Boohoo chairman Mahmud Kamani said: “This is a great acquisition for the group as we extend our market share across a broader demographic, capitalising on growth opportunities as more and more customers shop online.
“We continue to grow our portfolio of brands and customer base, strengthening our position as a leader in global fashion e-commerce.”
Green’s Arcadia Group was long one of the biggest players on the UK high street, but the Covid-19 pandemic dealt a final blow to his retail empire, which had struggled with a shift in shopping behaviour in recent years.
In December it entered administration, putting around 13,000 of jobs on the line at the time.
While Arcadia Group’s demise has been partly brought about by a shift to online retail, its brands will now continue to live online, after several deals.

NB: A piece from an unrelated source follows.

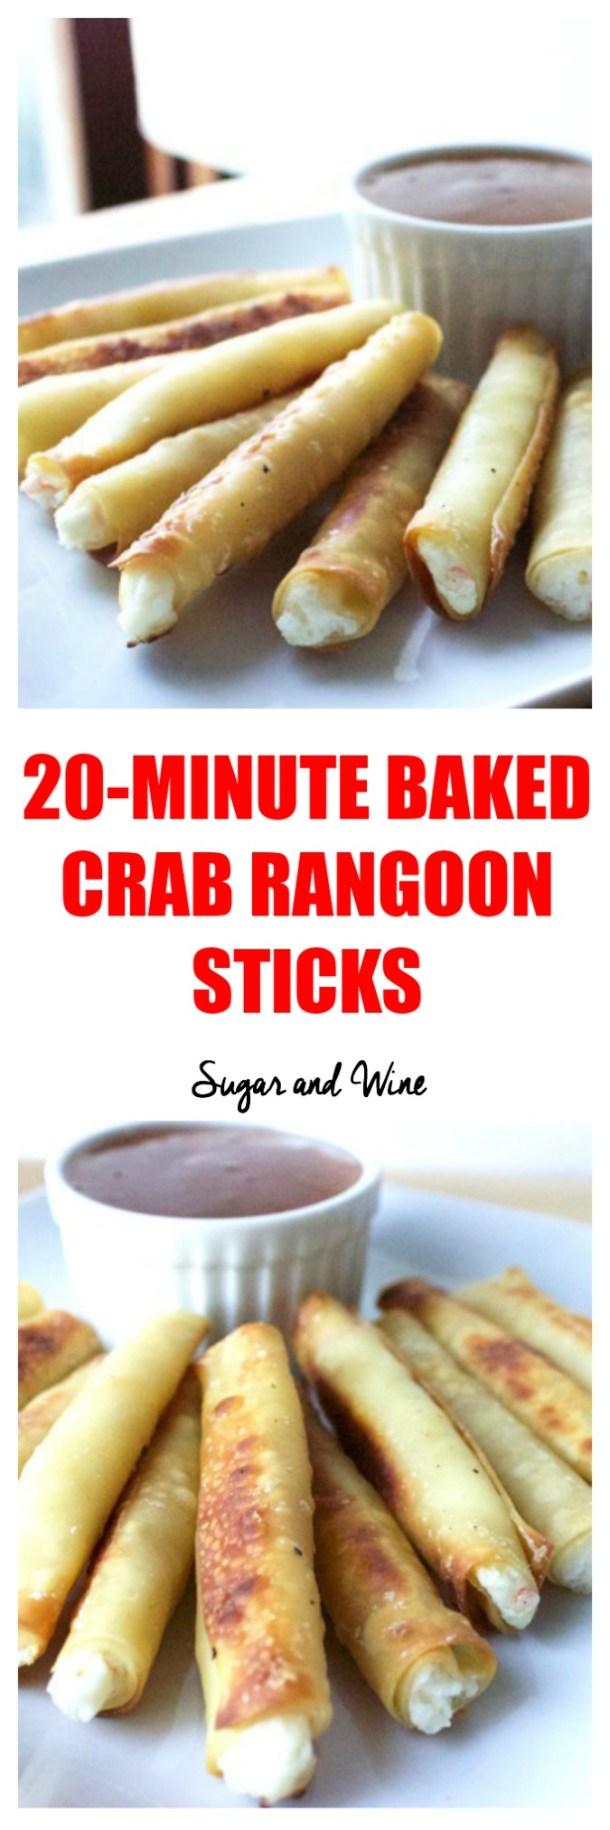 20 Minute Baked Crab Rangoon Sticks   Sugar and Wine

Last week Boohoo rival and another online retail giant Asos signed a £330 million deal to buy Topshop, Topman, Miss Selfridge and HIIT from Arcadia.
Although 300 employees would be transferred to Asos, the future of 2500 Arcadia staff was bleak as the the network of 70 Topshop, Topman and Miss Selfridge stores was not included in the deal.
Administrators have now sold all of Arcadia’s brands, raising around £500 million to pay off creditors.
There is still some property in the portfolio left to sell.